From: kelsar777 on 7 May 2010 04:33 How can we prove for given programming language that there exists or not a quine (program which produces its own code)?
From: Paul N on 7 May 2010 07:02 On 7 May, 09:33, kelsar777 <kelsar...(a)gmail.com> wrote: > How can we prove for given programming language that there exists or > not a quine (program which produces its own code)? For many languages, I would have thought that the easiest way to prove one exists is to write one. Since most languages can produce arbitrary output, with ways to calculate an output rather than having to specify it as part of the program, I would have thought it would be possible to write a quine in most languages. So proving that no quine exists in a particular language is likely to focus on some particular flaw of that particular language.
From: Ben Bacarisse on 7 May 2010 12:31 kelsar777 <kelsar777(a)gmail.com> writes: > How can we prove for given programming language that there exists or > not a quine (program which produces its own code)? A quine is a fixed-point of the function F defined by the compiler and the execution environment[1]. F takes a program text, p, and compiles and runs it to generate a string r = F(p). A fixed point of F is program text q = F(q): i.e. it is a quine. It is possible to prove that, under a reasonable set of conditions, all such F have a fixed point.
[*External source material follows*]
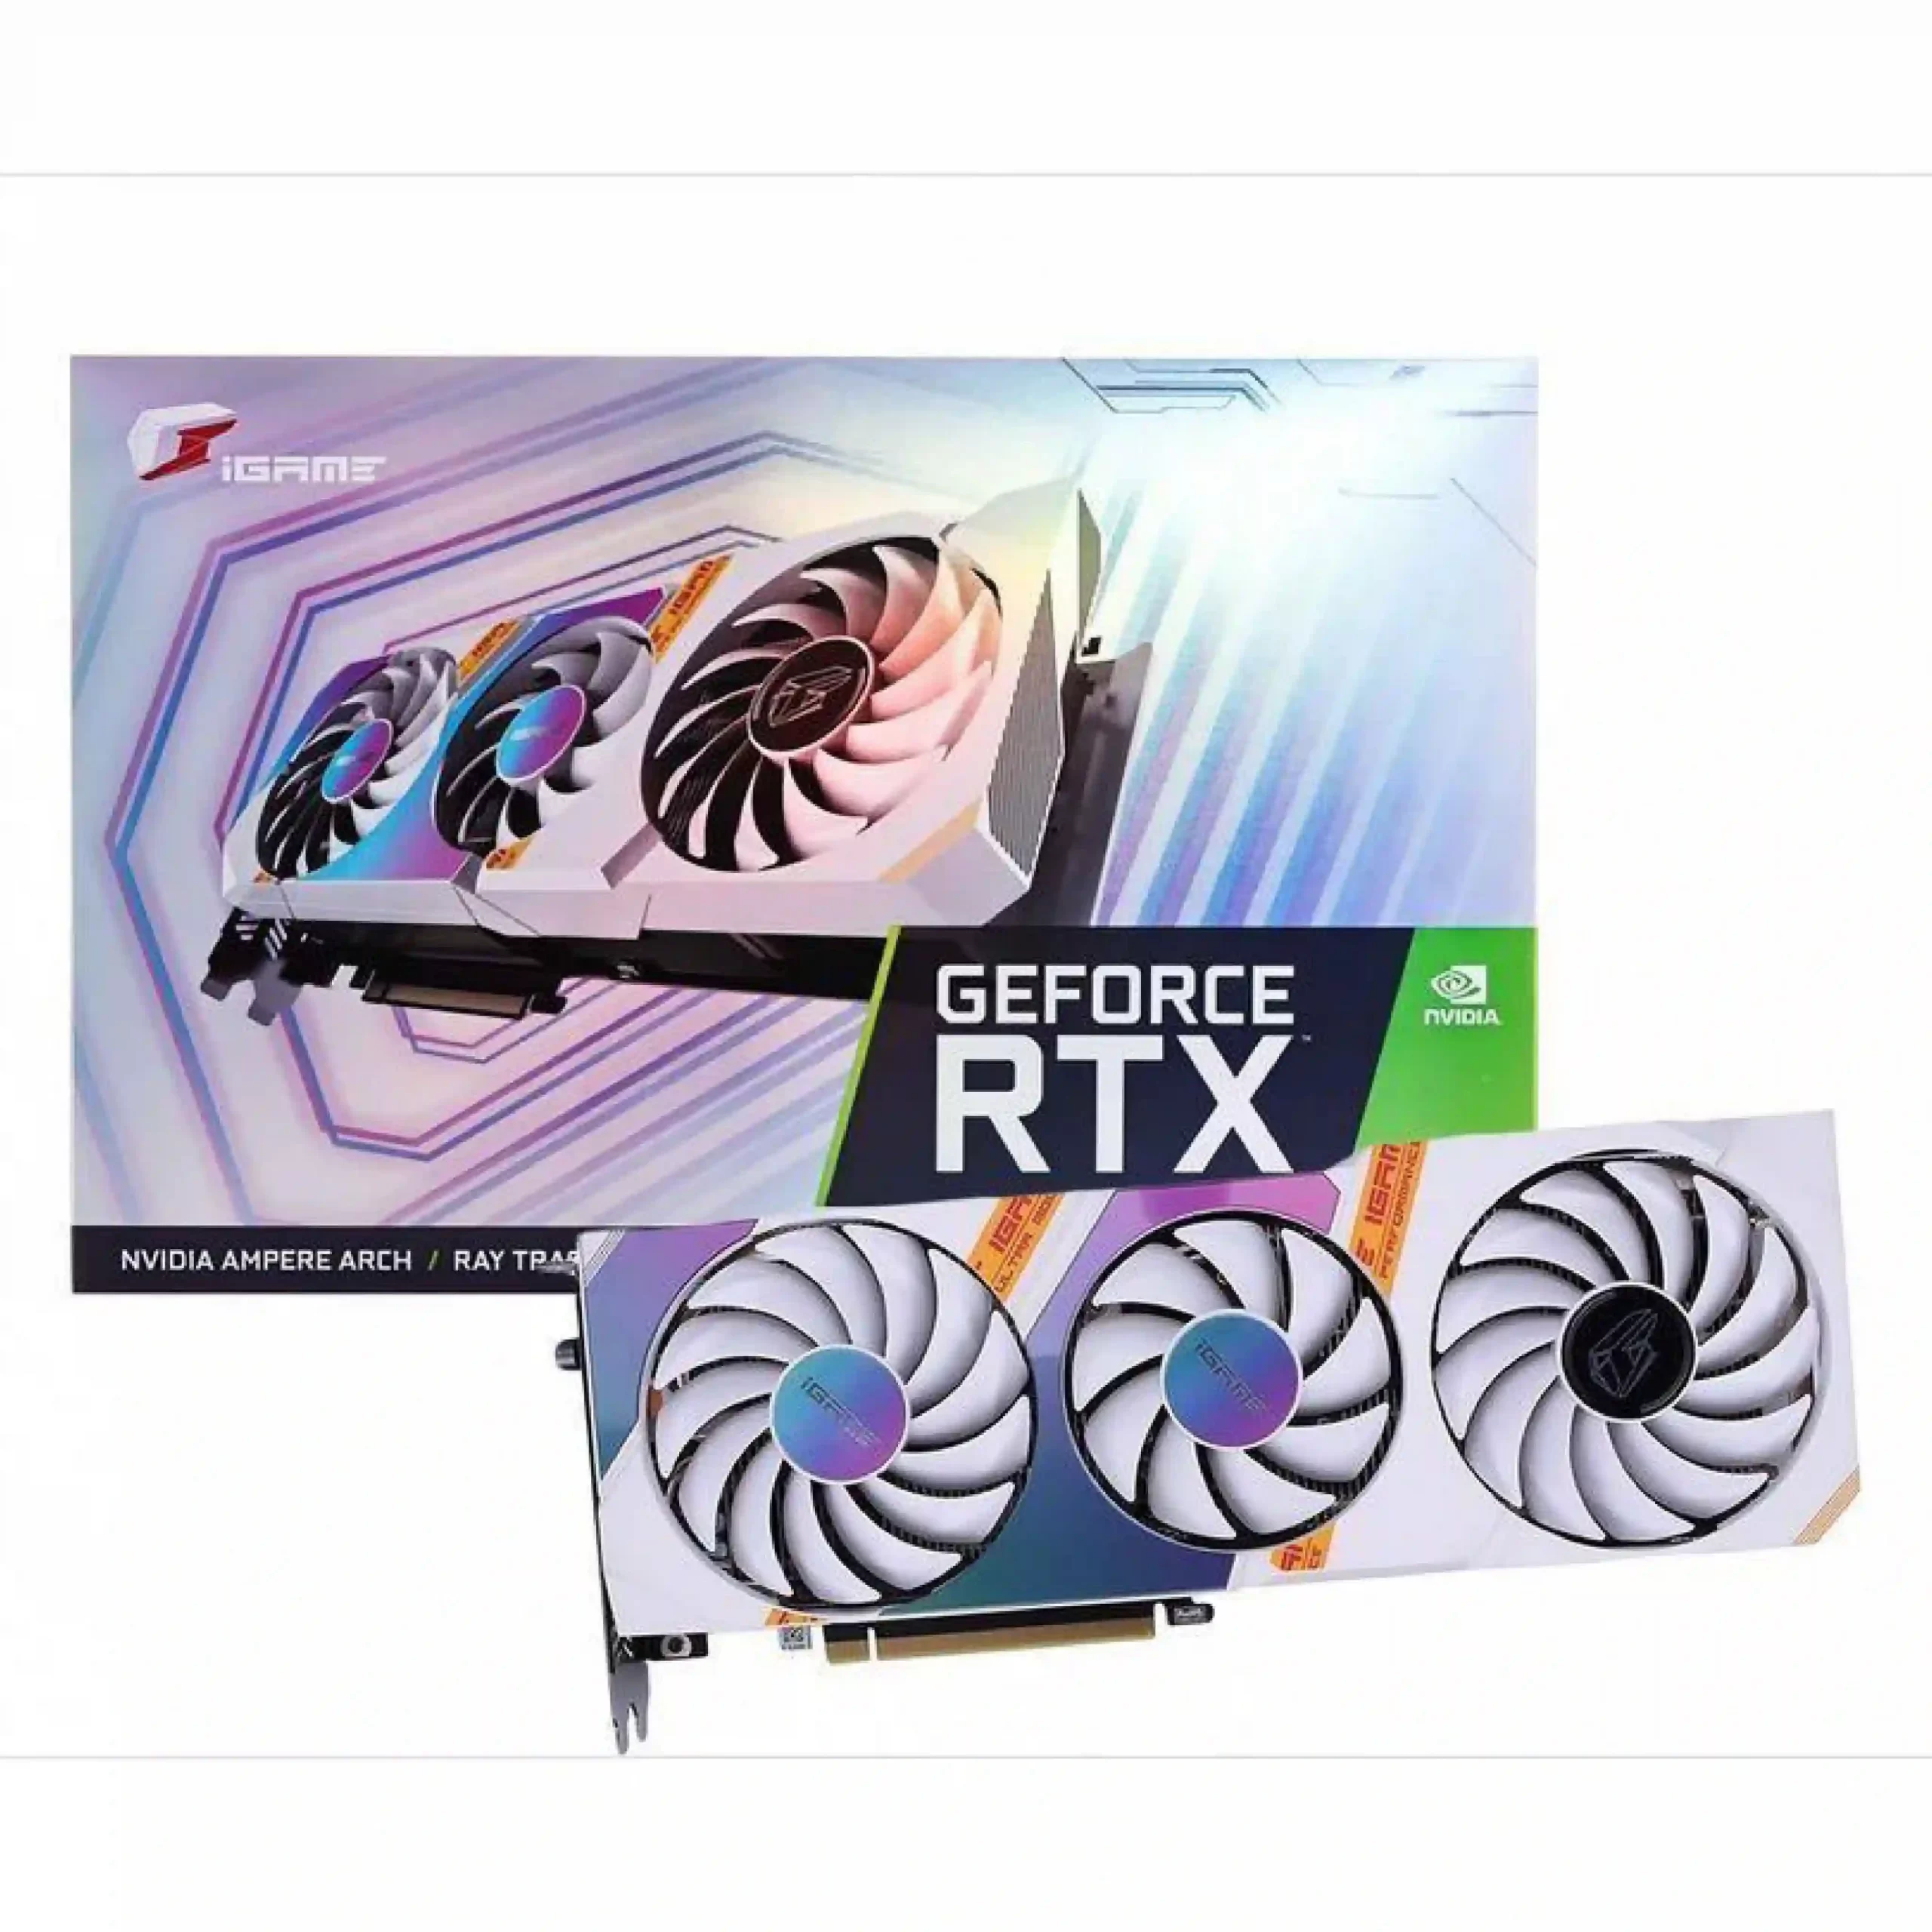 Rtx 3060 colorful ultra w 12g. Colorful IGAME RTX 3060 ti Ultra. Colorful RTX 3060. Colorful RTX 3060 Ultra w OC. (IGAME GEFORCE RTX 3060 Ultra w OC LHR.

The conditions exclude things like sounds compilers where the output domain is unrelated to the input domain. The proof has to be embedded in some theory of computation. For this purpose the simplest theory is probably that of the lambda-calculus. Search for things like "lambda-calculus fixed-point" and "Y combinator" and then ask yourself "is F likely to be expressible as a lambda expression?". [1] Interpreted languages have a null compiler! -- Ben.